§ **EXERCISE DETAILS**: Find the lines below that contain the string "American", count them, and give only the number.

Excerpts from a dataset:
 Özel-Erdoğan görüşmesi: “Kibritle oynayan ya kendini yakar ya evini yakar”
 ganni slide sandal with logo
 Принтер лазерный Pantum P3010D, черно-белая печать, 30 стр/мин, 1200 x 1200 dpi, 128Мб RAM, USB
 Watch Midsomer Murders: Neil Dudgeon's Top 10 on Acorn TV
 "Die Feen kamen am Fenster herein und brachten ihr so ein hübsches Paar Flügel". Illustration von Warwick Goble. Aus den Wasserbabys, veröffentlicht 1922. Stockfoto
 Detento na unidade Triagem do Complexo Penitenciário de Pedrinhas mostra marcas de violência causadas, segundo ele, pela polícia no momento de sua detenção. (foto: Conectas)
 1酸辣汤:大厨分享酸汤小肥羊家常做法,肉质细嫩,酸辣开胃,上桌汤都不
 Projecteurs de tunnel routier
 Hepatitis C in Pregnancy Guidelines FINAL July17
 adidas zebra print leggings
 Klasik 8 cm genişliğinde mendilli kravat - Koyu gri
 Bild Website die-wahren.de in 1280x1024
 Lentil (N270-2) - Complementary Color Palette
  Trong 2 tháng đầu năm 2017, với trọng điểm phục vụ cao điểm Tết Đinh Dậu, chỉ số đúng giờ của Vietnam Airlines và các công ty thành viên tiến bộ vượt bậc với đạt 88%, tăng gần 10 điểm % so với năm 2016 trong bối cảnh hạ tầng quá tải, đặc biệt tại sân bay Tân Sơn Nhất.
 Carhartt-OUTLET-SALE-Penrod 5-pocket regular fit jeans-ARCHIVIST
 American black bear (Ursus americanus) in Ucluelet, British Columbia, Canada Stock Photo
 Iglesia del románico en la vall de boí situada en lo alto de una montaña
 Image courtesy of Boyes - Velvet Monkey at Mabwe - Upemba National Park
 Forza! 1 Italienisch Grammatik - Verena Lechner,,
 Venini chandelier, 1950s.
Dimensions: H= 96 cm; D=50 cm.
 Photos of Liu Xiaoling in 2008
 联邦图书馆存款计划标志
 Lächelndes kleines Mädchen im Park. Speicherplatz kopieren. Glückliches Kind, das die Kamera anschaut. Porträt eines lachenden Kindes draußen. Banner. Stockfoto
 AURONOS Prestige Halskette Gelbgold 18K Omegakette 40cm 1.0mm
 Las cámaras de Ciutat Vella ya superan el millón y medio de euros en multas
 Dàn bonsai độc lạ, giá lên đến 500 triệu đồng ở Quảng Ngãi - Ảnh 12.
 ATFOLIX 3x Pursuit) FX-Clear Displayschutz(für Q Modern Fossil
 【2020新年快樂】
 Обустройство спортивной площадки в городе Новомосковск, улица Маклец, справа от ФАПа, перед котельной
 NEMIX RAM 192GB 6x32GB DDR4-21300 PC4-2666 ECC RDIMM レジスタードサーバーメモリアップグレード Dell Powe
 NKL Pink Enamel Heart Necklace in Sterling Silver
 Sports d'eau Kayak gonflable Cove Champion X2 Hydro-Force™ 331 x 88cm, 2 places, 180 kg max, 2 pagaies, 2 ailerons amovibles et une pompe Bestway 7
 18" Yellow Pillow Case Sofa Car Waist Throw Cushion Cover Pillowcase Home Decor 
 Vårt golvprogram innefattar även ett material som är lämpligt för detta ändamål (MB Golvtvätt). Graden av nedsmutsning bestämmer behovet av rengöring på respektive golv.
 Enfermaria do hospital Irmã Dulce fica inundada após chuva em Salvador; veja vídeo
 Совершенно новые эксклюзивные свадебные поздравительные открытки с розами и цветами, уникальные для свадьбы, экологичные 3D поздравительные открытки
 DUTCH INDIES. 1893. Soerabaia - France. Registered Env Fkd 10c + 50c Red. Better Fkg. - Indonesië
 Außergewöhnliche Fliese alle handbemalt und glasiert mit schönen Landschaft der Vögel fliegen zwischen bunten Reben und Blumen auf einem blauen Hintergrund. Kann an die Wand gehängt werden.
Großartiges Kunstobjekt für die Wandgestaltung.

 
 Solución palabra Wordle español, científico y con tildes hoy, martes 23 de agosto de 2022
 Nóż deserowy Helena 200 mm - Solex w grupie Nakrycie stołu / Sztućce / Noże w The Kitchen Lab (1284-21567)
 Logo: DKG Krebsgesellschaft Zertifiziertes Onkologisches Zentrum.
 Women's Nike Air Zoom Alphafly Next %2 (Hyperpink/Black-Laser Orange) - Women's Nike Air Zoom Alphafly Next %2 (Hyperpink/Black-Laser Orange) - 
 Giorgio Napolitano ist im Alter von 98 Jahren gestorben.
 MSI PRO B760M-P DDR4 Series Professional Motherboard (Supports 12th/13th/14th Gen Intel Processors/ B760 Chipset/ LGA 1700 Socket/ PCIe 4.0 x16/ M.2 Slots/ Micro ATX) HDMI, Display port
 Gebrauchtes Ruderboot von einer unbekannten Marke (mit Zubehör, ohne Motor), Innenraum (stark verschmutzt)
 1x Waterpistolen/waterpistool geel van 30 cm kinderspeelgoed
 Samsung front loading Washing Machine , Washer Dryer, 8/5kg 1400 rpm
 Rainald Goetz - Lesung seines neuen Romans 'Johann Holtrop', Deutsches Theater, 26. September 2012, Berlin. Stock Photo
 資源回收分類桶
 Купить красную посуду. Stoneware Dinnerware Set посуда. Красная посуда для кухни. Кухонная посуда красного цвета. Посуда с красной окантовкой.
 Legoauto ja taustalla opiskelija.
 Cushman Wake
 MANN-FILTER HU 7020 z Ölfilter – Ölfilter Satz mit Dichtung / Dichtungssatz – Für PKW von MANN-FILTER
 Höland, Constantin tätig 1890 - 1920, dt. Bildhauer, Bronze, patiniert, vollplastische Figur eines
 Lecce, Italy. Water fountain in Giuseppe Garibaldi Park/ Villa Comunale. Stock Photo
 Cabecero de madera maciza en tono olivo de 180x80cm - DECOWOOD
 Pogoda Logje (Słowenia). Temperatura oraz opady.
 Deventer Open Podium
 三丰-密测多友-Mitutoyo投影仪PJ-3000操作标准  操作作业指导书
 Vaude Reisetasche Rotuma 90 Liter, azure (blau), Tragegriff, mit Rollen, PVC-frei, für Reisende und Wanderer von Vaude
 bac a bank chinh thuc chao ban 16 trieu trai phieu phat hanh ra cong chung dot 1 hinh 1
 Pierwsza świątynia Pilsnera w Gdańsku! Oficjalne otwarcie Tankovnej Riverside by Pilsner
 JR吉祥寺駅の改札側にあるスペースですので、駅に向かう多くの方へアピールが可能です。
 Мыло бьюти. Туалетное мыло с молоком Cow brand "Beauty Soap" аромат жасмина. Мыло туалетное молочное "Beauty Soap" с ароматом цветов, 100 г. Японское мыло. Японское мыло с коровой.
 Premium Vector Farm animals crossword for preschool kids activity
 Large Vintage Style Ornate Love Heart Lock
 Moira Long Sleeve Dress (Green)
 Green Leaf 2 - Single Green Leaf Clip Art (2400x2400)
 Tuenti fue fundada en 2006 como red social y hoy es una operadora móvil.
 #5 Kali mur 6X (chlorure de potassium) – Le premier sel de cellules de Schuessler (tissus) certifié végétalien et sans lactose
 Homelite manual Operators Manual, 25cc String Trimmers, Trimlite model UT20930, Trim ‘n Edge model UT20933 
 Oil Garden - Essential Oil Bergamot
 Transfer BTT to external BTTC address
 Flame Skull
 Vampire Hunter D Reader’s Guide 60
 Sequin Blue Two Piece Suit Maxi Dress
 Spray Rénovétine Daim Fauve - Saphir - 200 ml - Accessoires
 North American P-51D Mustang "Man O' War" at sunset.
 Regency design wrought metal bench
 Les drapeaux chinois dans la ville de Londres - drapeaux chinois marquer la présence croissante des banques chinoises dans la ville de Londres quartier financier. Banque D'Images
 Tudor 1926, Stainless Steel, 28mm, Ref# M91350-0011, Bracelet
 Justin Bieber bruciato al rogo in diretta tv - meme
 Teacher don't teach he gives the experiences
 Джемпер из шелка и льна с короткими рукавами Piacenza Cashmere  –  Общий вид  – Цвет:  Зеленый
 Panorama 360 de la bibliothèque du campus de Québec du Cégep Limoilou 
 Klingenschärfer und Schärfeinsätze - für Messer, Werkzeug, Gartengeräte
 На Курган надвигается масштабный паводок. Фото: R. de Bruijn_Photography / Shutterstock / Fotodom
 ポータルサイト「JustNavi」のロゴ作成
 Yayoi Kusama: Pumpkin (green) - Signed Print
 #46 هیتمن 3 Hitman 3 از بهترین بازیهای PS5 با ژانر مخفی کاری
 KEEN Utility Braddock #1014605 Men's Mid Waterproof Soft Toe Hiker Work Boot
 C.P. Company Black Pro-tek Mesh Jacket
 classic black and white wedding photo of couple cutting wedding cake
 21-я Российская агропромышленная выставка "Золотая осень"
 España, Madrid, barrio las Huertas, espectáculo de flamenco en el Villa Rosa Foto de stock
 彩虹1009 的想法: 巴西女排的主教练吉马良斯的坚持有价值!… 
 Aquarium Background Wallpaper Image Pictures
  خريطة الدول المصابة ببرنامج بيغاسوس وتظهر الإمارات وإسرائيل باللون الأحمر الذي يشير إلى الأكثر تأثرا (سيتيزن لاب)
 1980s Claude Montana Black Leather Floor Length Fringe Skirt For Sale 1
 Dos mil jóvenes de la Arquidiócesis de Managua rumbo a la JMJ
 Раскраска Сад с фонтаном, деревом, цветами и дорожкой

§ **WRITTEN REPLY**: 2